As I continue to make my way through the Old Testament, I am often tempted to jump ahead and leap past the long and enumerative portions where land is apportioned amongst the tribes of Israel. Leaving aside the question as to why it seems to have been done at least twice (and I certainly don't have the discipline or time to go back and validate that impression), I try as best I can to resist that temptation and just read the text, because you never know when something's gonna jump out at you. For example, Joshua 19:17-22 tells us that "The fourth lot was cast for the sons of Issachar family by family. Their boundary included Jezreel, Kesulloth, Shunem, Hapharaim, Shion, Anaharath, Rabbith, Kishion, Ebez, Remeth, En-gannim, En-haddah, and Beth-pazzez."
This brings to mind nothing so much as the wonder of reading place names in Dr. Seuss, themselves likely drawn from the etymo-topological base of the Bible. The names were fresh and mysterious when reading them as a parent to Graham and Natalie and so must have been doubly so when I first read them as a child.

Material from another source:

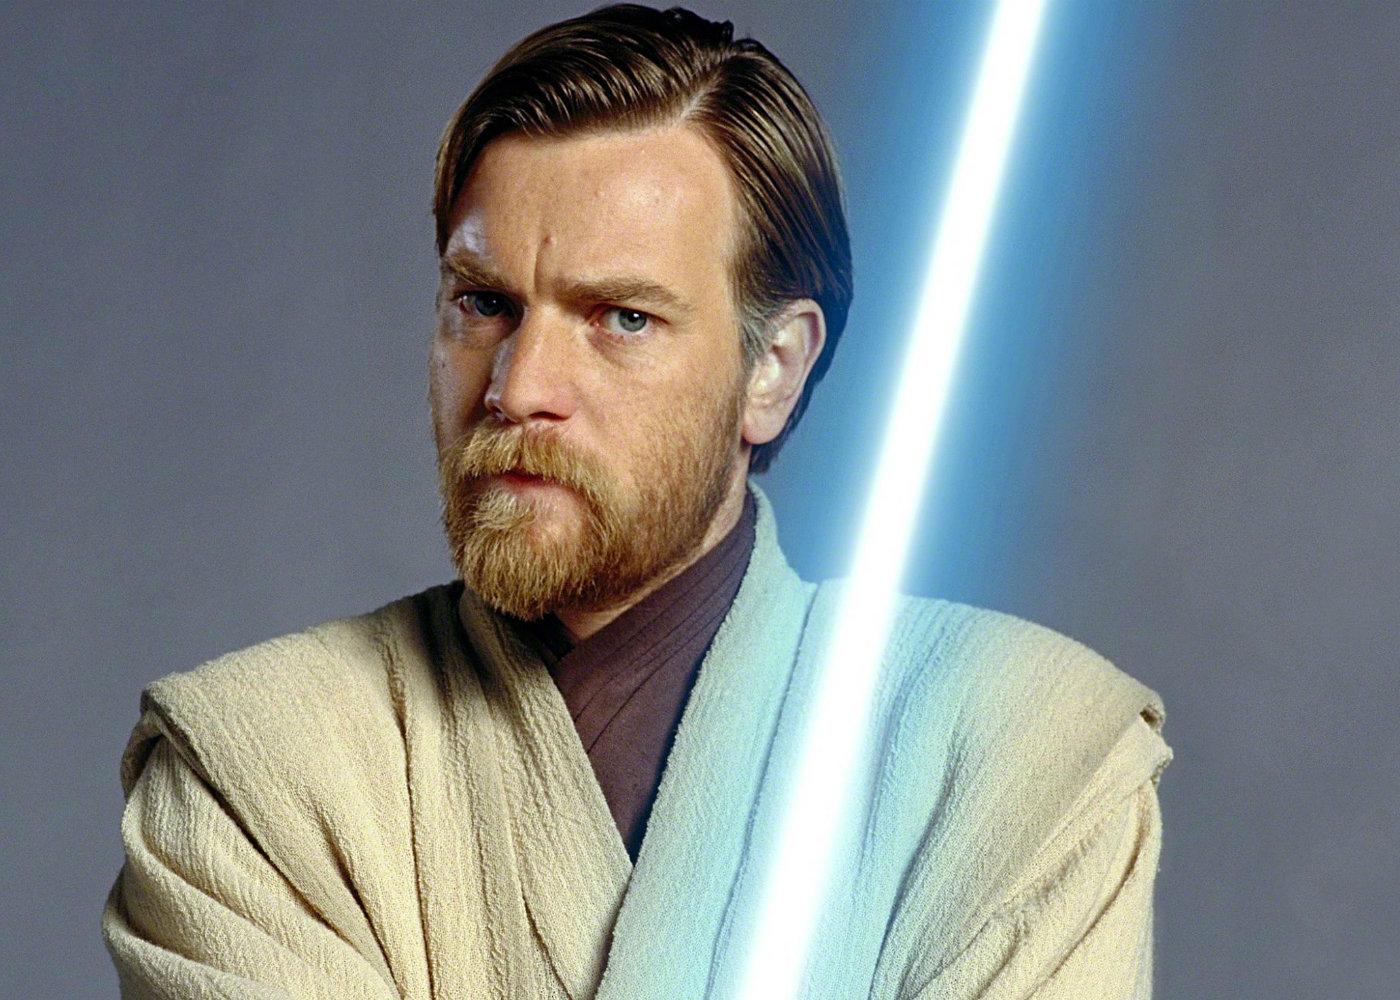 Star Wars Battlefront II Releases Teaser Image for Obi-Wan Kenobi

Which makes me ponder the impact on imagination of the shrinking of the planet and the omni-availability of all information via the interweb. While it has many beneficent effects, it also dims the power of our imaginations to conjure worlds from nothingness, much as Google Maps makes it harder for us to remember to learn how to get around places, because we don't have to anymore.
Or, perhaps, I am just turning into Andy Rooney, whose cantankerous 60 Minutes segment was inaugurated, per Wikipedia, when he was just about the age I am now.